§ Required action
A word-for-word reproduction of the data below is needed, with no pictures in it.

§ Dataset section
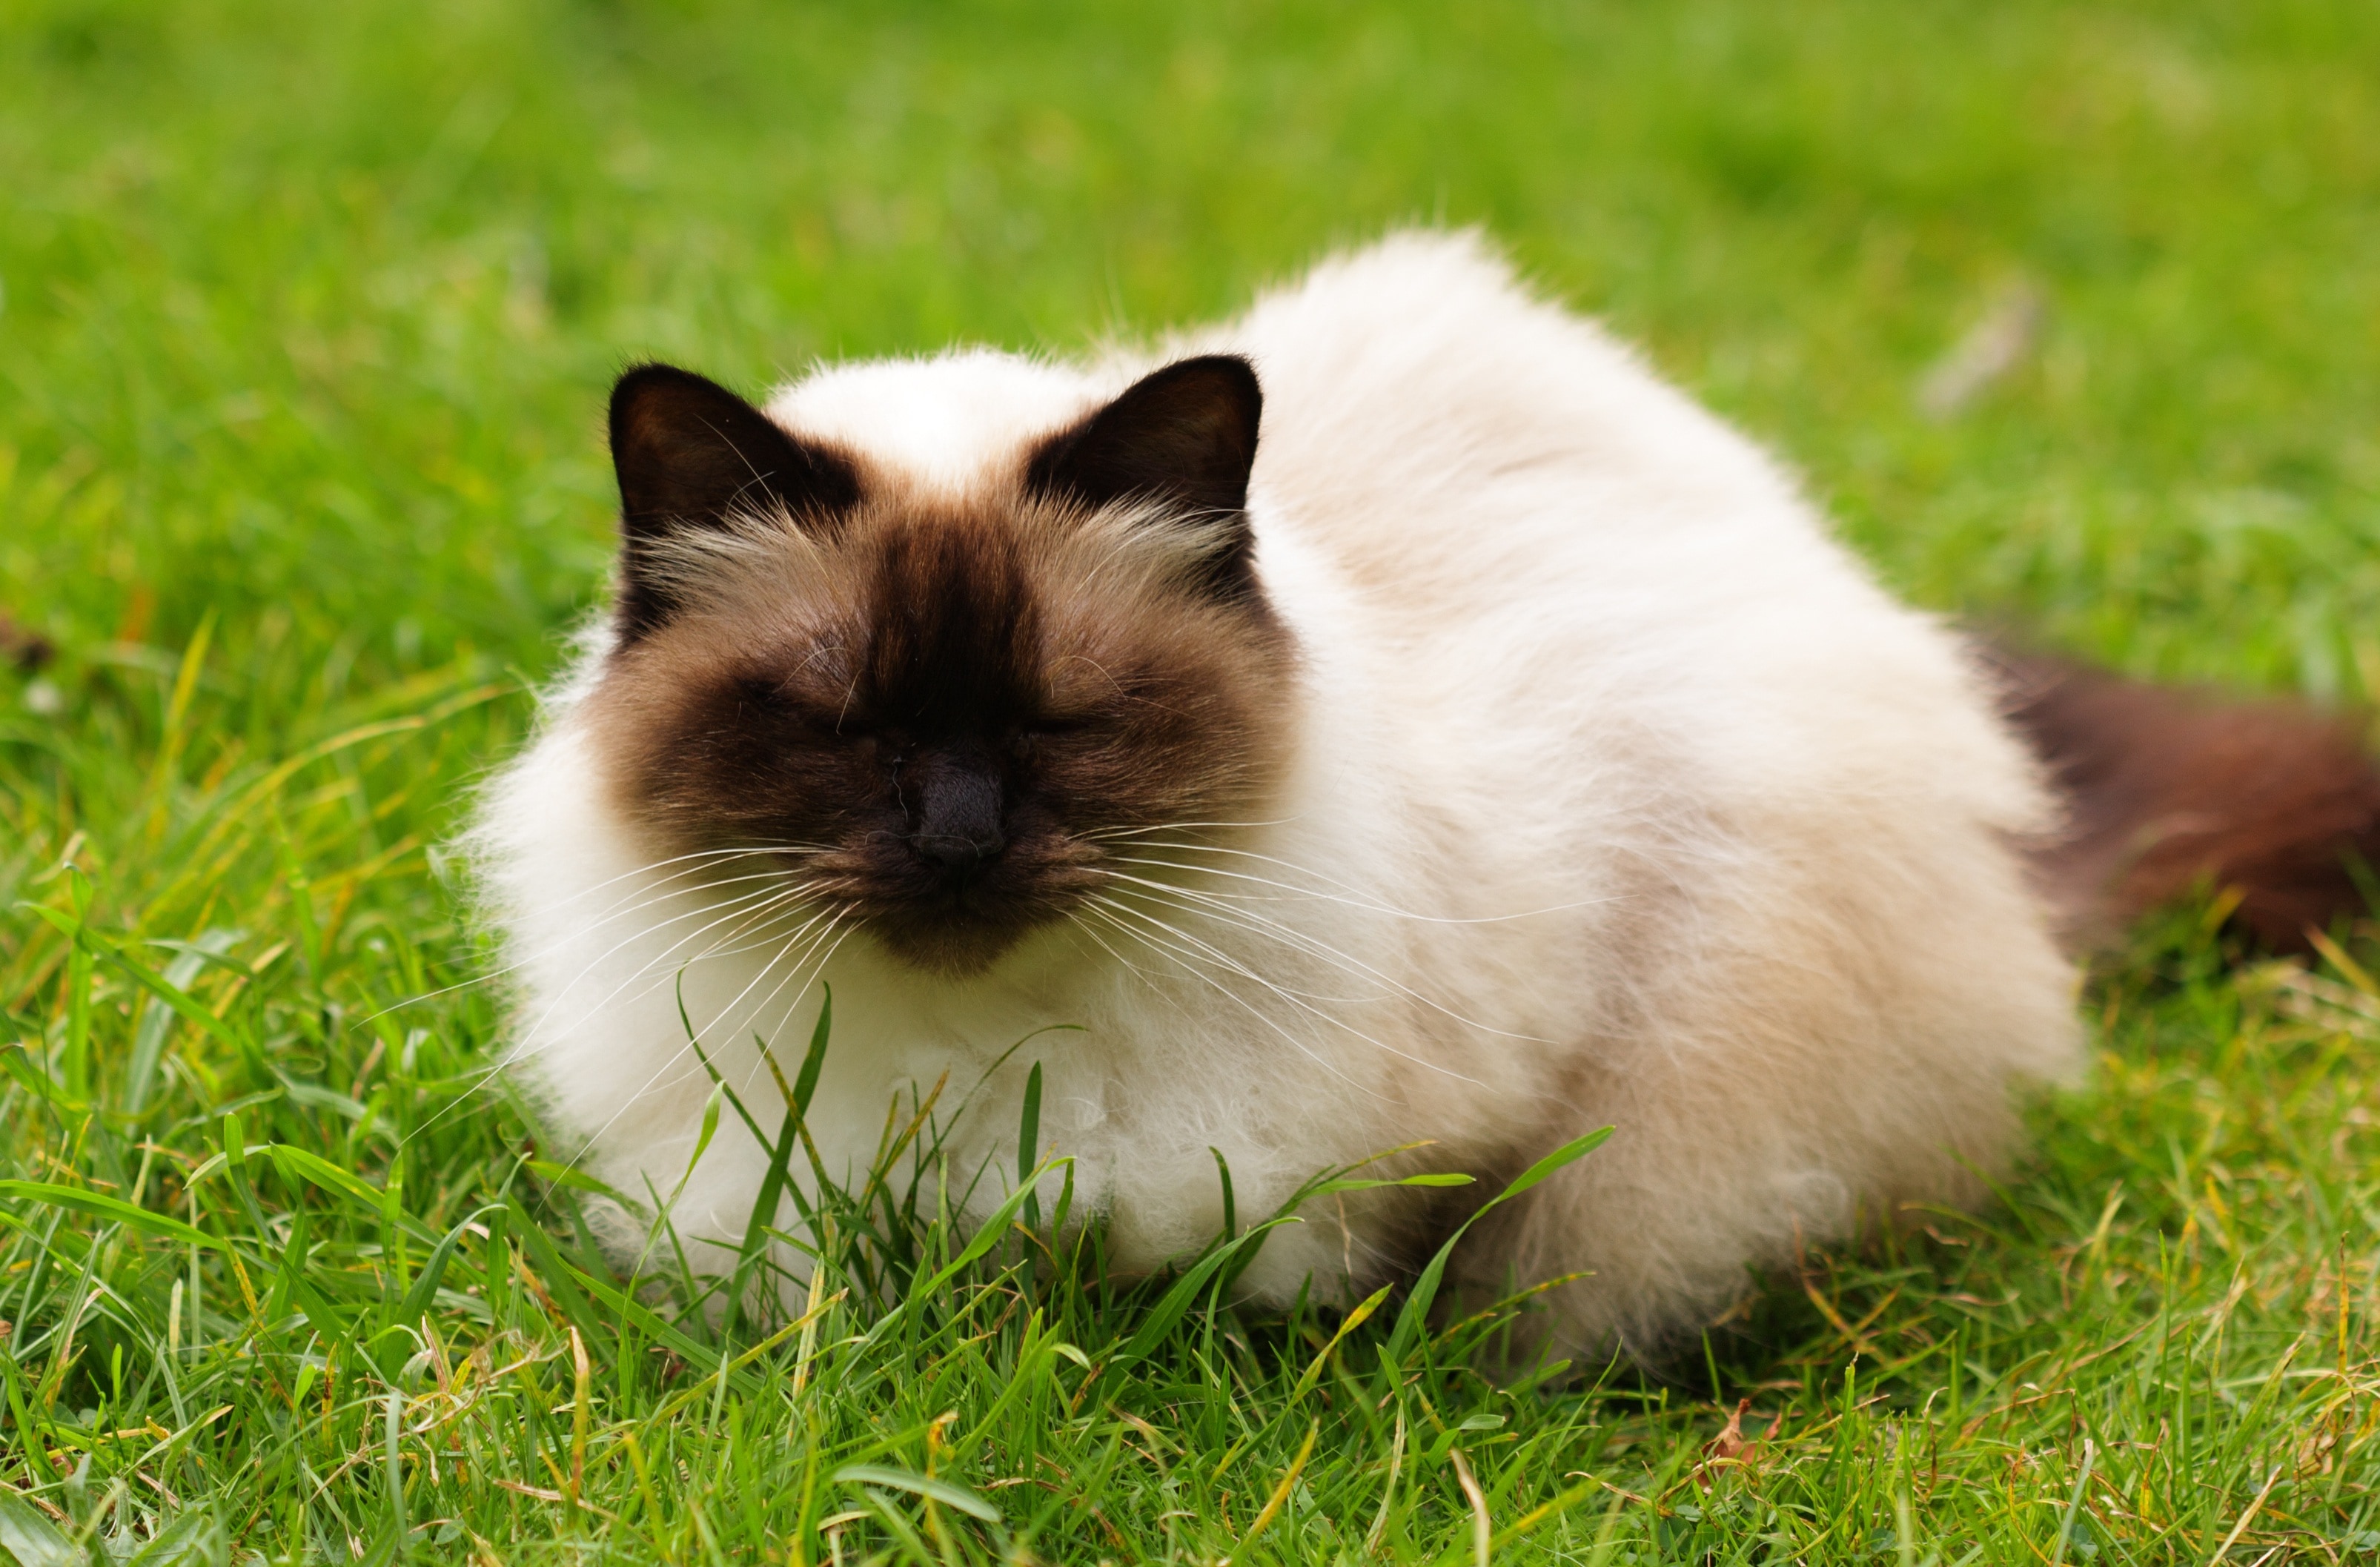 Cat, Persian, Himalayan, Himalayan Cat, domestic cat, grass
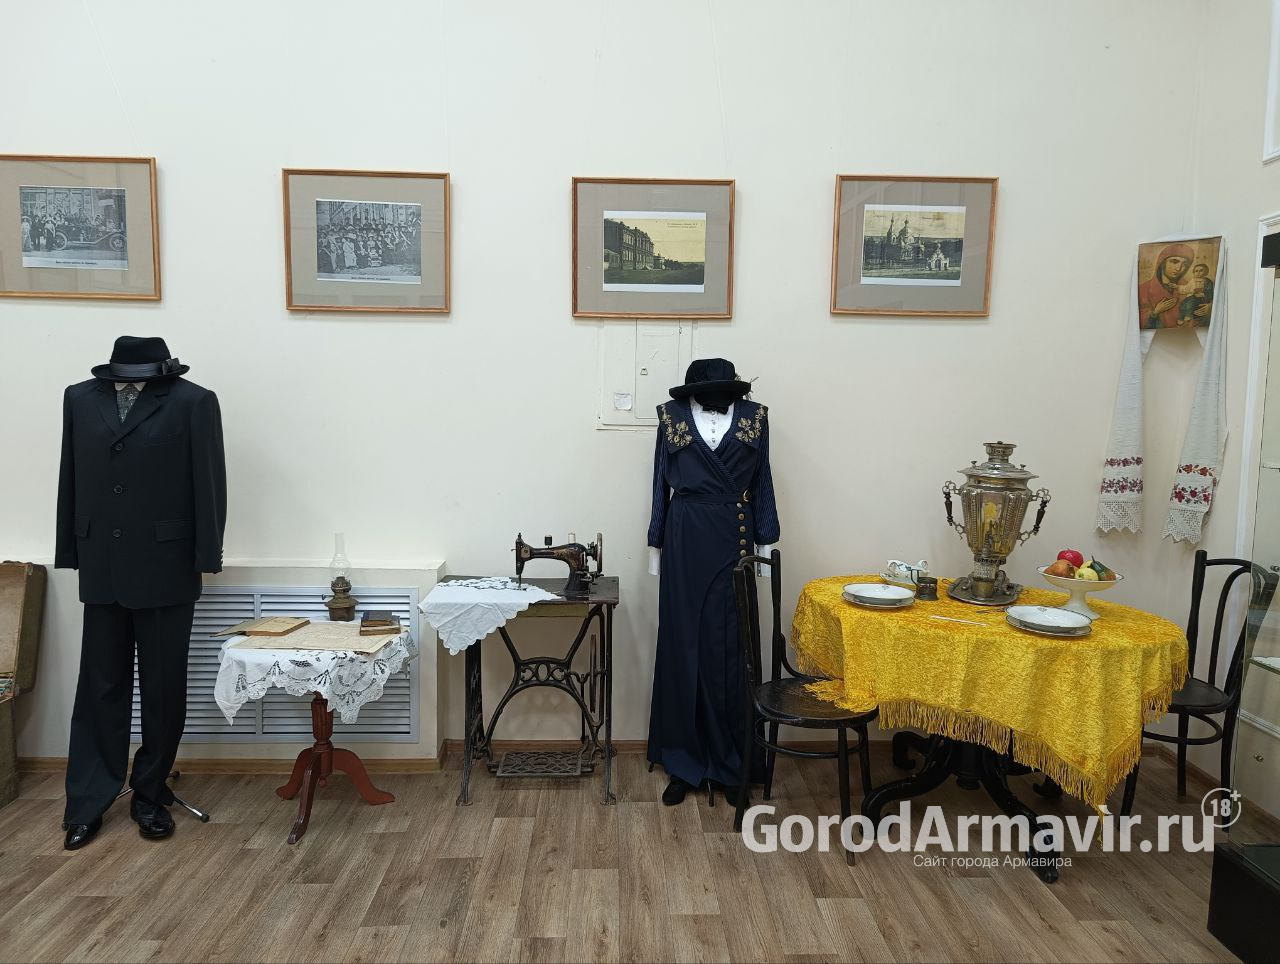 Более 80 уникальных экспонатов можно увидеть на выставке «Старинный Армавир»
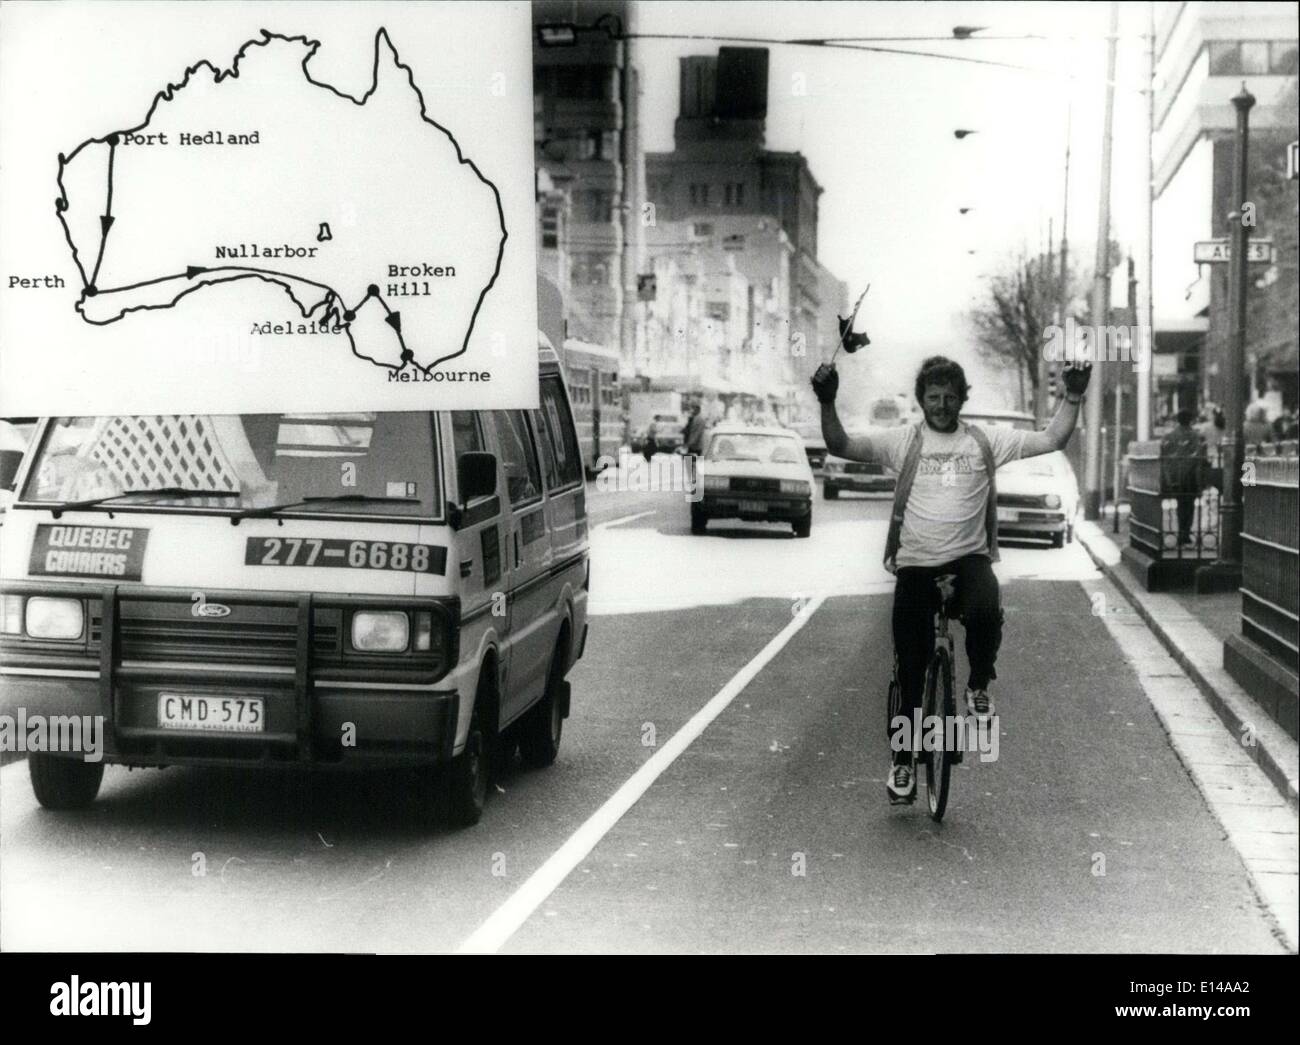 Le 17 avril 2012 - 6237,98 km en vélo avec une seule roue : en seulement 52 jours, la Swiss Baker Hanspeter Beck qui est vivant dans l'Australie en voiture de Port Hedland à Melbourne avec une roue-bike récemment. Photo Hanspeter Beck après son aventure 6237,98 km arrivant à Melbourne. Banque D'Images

§ Reply to the task
 Cat, Persian, Himalayan, Himalayan Cat, domestic cat, grass
 Более 80 уникальных экспонатов можно увидеть на выставке «Старинный Армавир»
 Le 17 avril 2012 - 6237,98 km en vélo avec une seule roue : en seulement 52 jours, la Swiss Baker Hanspeter Beck qui est vivant dans l'Australie en voiture de Port Hedland à Melbourne avec une roue-bike récemment. Photo Hanspeter Beck après son aventure 6237,98 km arrivant à Melbourne. Banque D'Images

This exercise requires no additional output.